• _What you need to do_: If a record holds a picture, skip the picture but print everything else exactly.

• _Study material_:
********
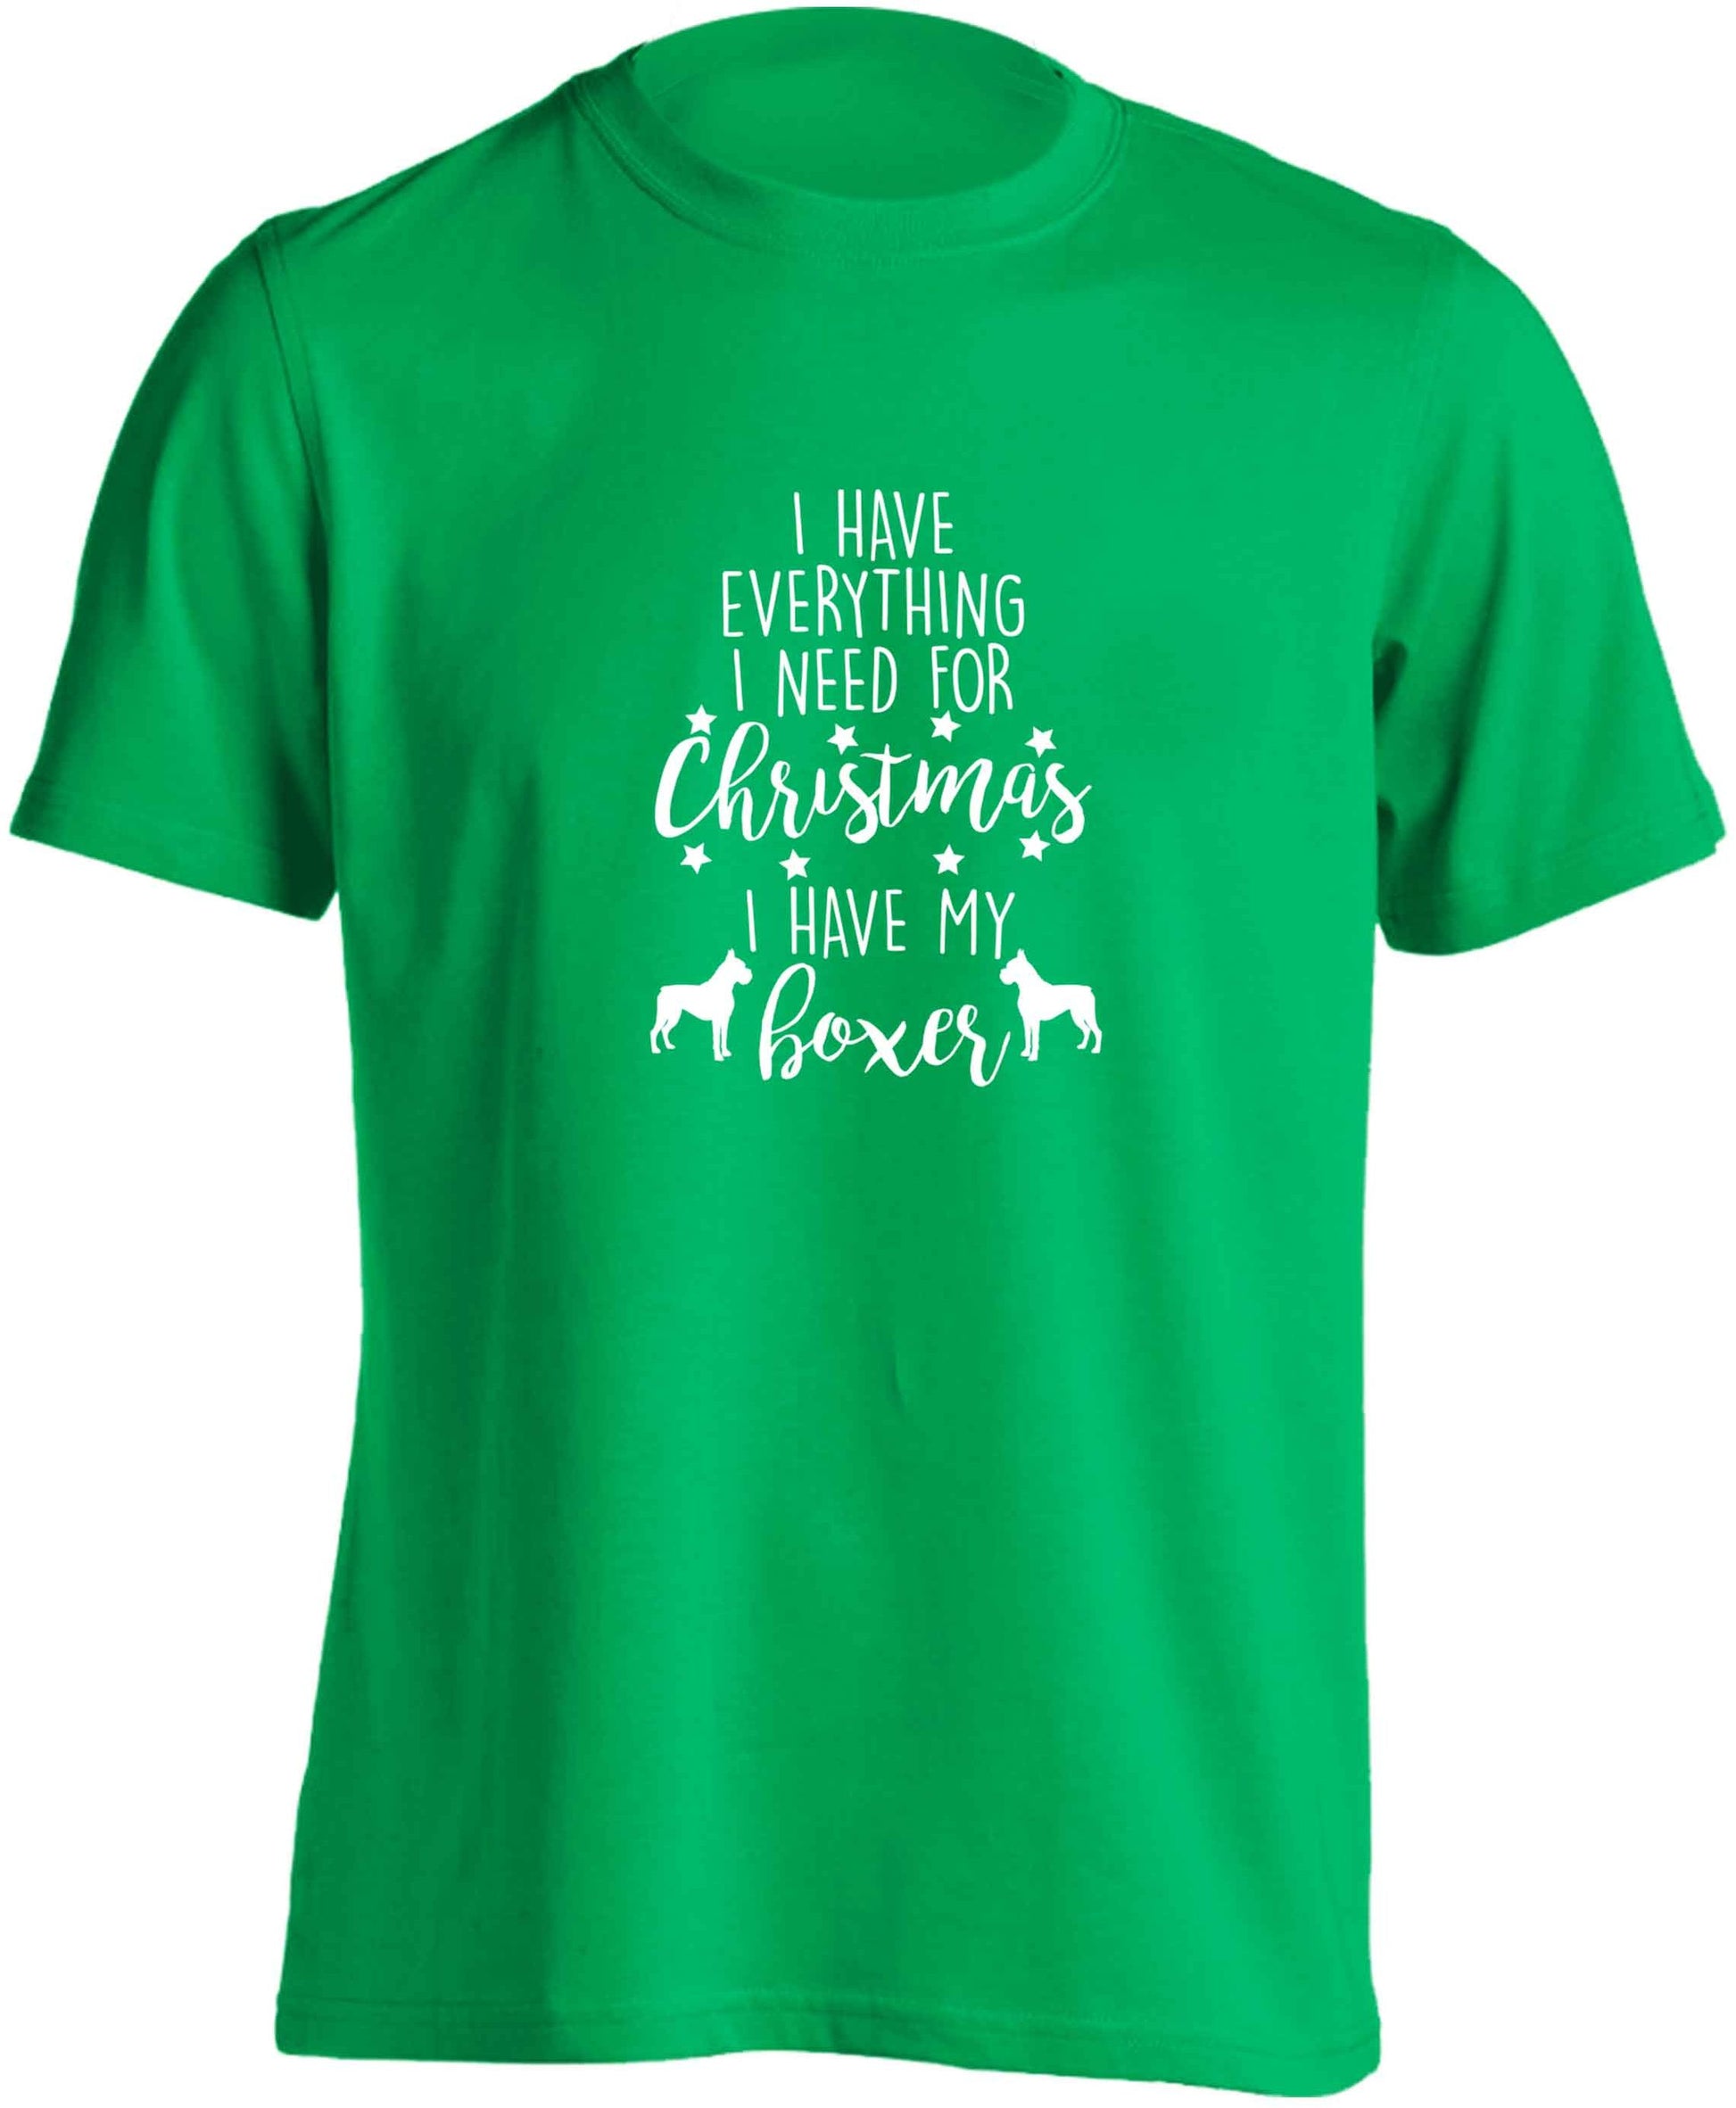 I have everything I need for Christmas I have my boxer adults unisex green Tshirt 2XL
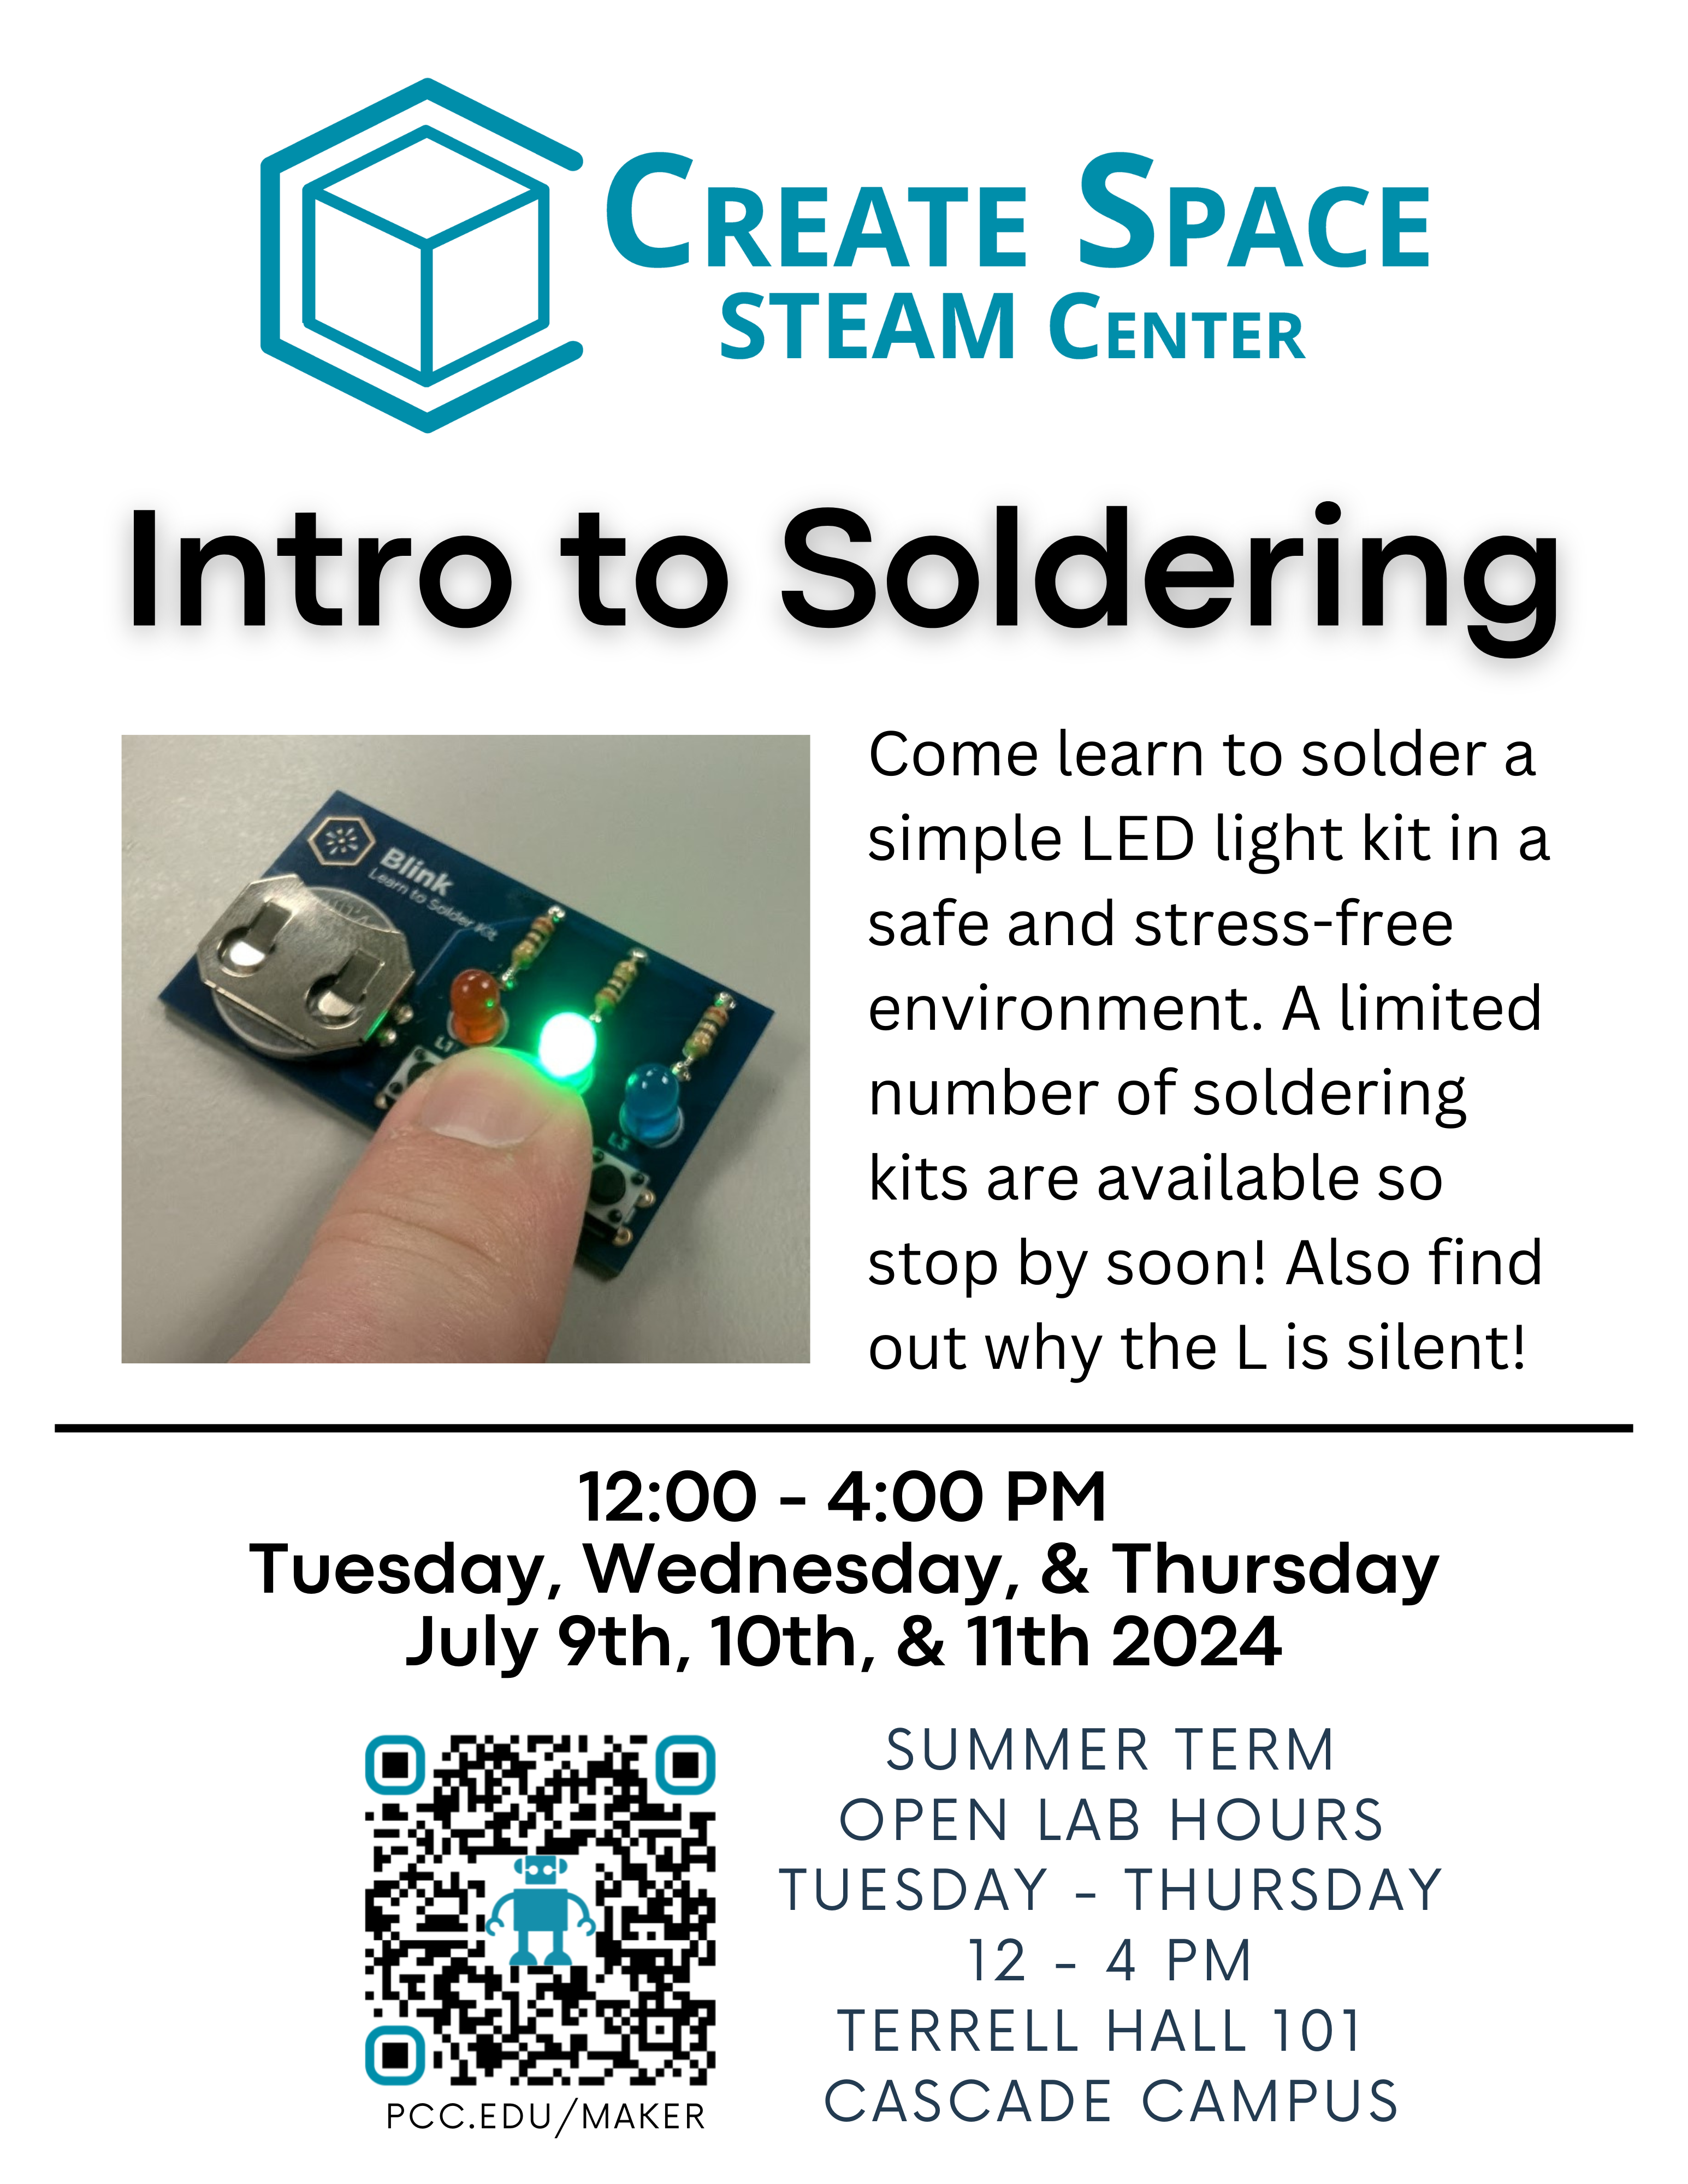 Create Space STEAM Center
Intro to Soldering
Come learn to solder a simple LED light kit in a safe and stress-free environment. A limited number of soldering kits are available so stop by soon! Also find out why the L is silent!
12:00 - 4:00 PM
Tuesday, Wednesday, & Thursday
July 9th, 10th, & 11th 2024

Summer Term Open Lab Hours
Tuesday - Thursday
12 - 4 PM

Terrell Hall 101 
Cascade Campus
pcc.edu/maker
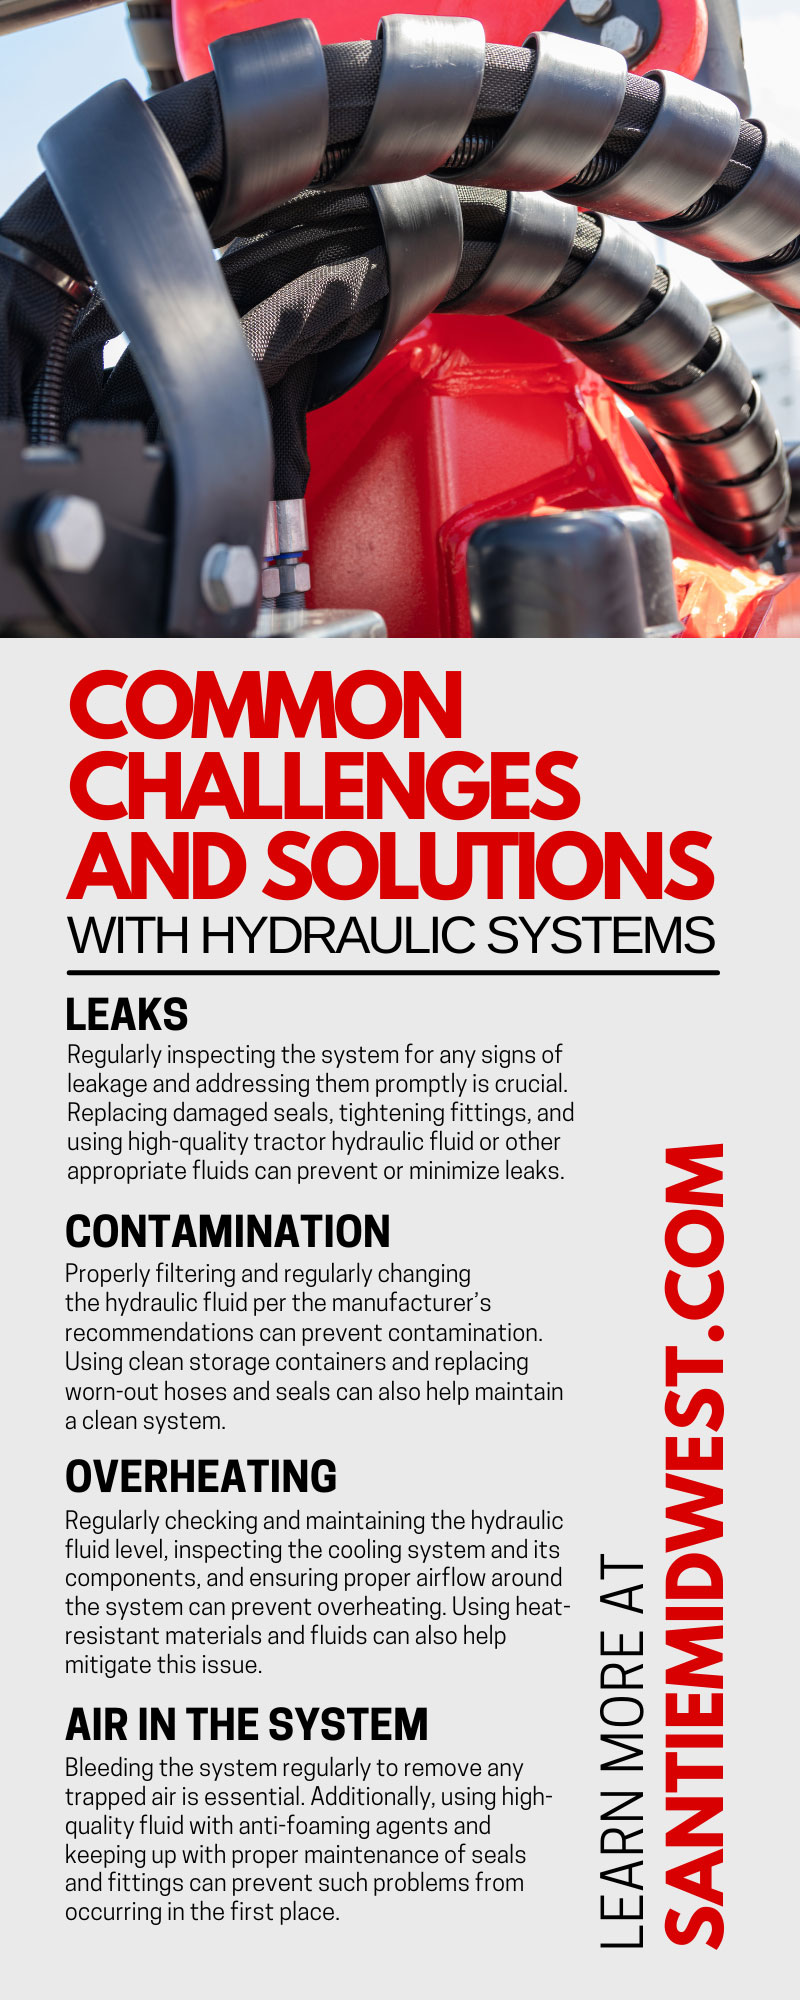 12 Common Challenges and Solutions With Hydraulic Systems
********
• _Your response_:
 I have everything I need for Christmas I have my boxer adults unisex green Tshirt 2XL
 Create Space STEAM Center
Intro to Soldering
Come learn to solder a simple LED light kit in a safe and stress-free environment. A limited number of soldering kits are available so stop by soon! Also find out why the L is silent!
12:00 - 4:00 PM
Tuesday, Wednesday, & Thursday
July 9th, 10th, & 11th 2024

Summer Term Open Lab Hours
Tuesday - Thursday
12 - 4 PM

Terrell Hall 101 
Cascade Campus
pcc.edu/maker
 12 Common Challenges and Solutions With Hydraulic Systems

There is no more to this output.